The commander glanced at Aled, then back to her, and stopped a few feet in front of her.

“You missed your window,” the commander told Seryn. She could feel the light curiosity in the way he watched her. “You were supposed to leave before dawn.”

“Those weren’t our orders,” she told him.

He looked her over again, and nodded. It was a small motion, just enough to tell her to lower her hands, but nothing more.

“Do you have the power to grant us passage?” she asked.

He nodded again.

“We’re exactly what we said: personal guests of King Madden and soldiers in King Vardeck’s service,” Seryn said.

The commander looked at her sideways, as if asking if she would believe what had just come out of her mouth. “Just the two of you?”

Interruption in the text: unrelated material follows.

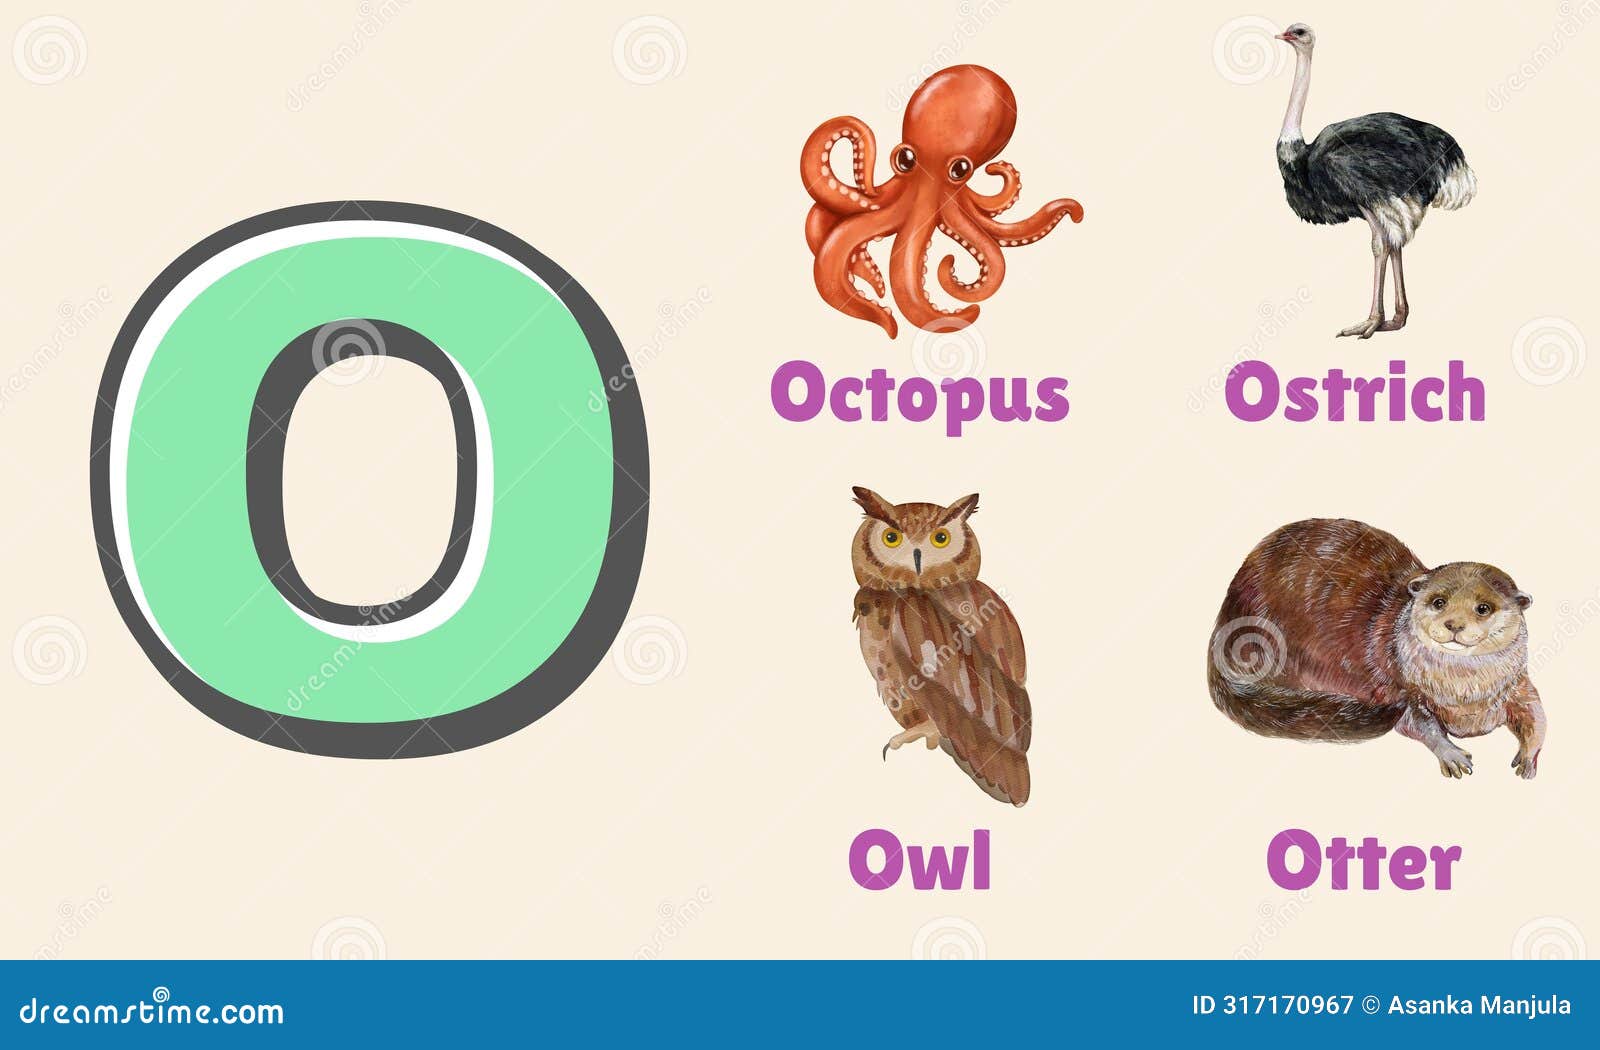 alphabet letter o in pictures, animals starting with o
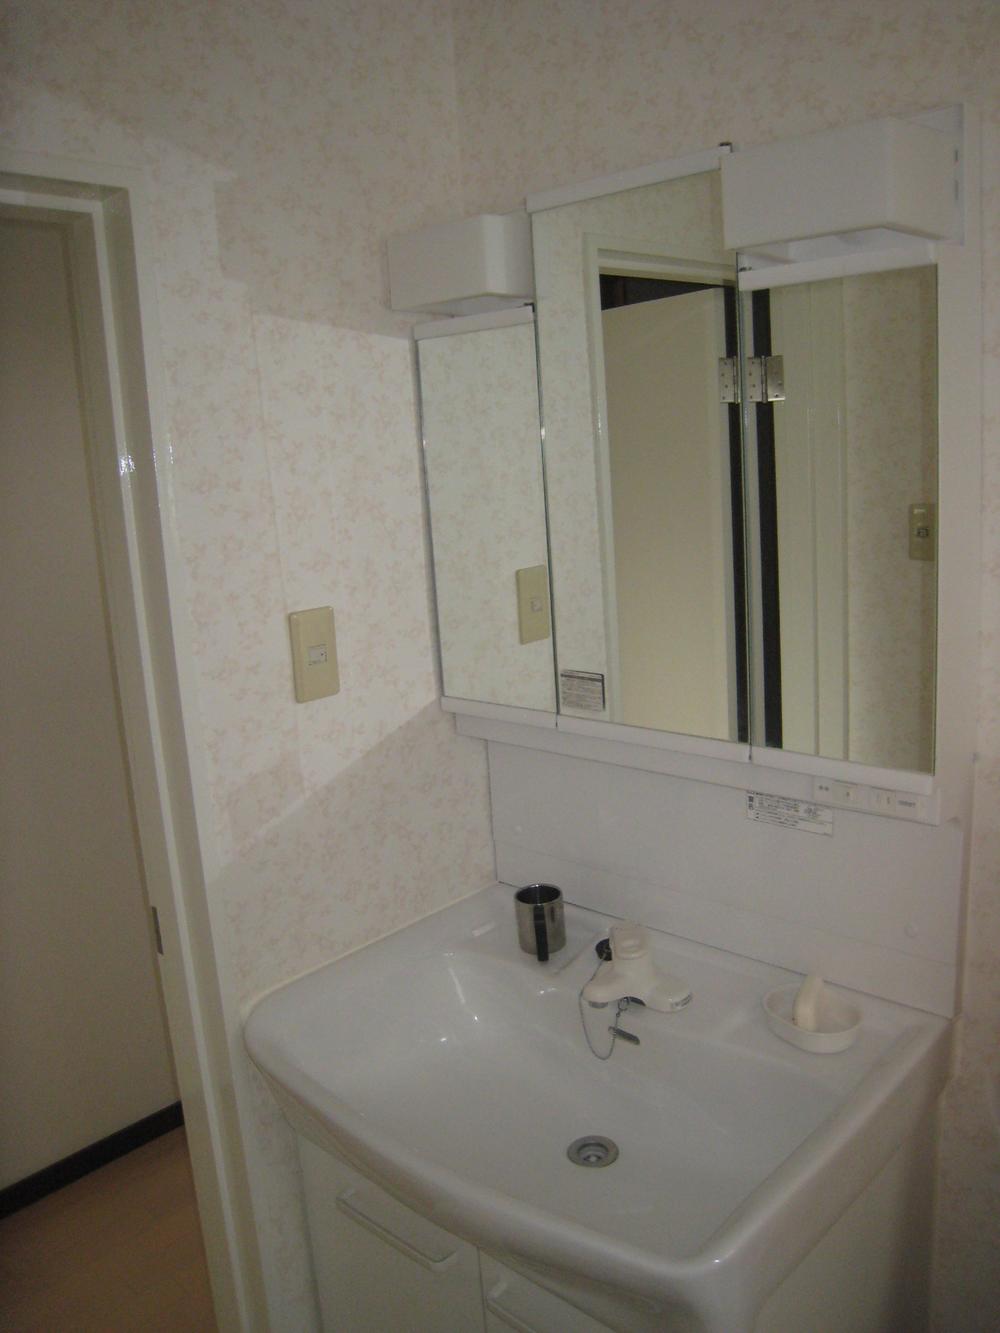 Wash basin, toilet. Bathroom vanity. Heisei 23 October exchange already. The back of the mirror has become the storage.

“We came with Lord Commander Macsen of the Rein,” she told him. She looked back at the city. “We’re leaving under his orders, and with King Madden’s permission.”

The commander listened, nodding along. “And your uniforms?”

“It’s in my bag.” Seryn nodded across her shoulder, indicating the pack tied behind her saddle. The commander checked to make sure he had permission, then stepped forward and slid the draw string open in one short motion. Flipping the flap back, he looked through her folded shirts and breeches until he found the heavy jacket with the bear embroidered across the shoulder. He held it still for a moment, looked at her, then down at it, then shoved it all back inside the back.

“Best be on your way,” he said.

Seryn smiled gratefully. Touching her fingers to her forehead, she tightened the drawstring on her pack again and swung into the saddle. She kicked her horse into an even walk and started away from the city.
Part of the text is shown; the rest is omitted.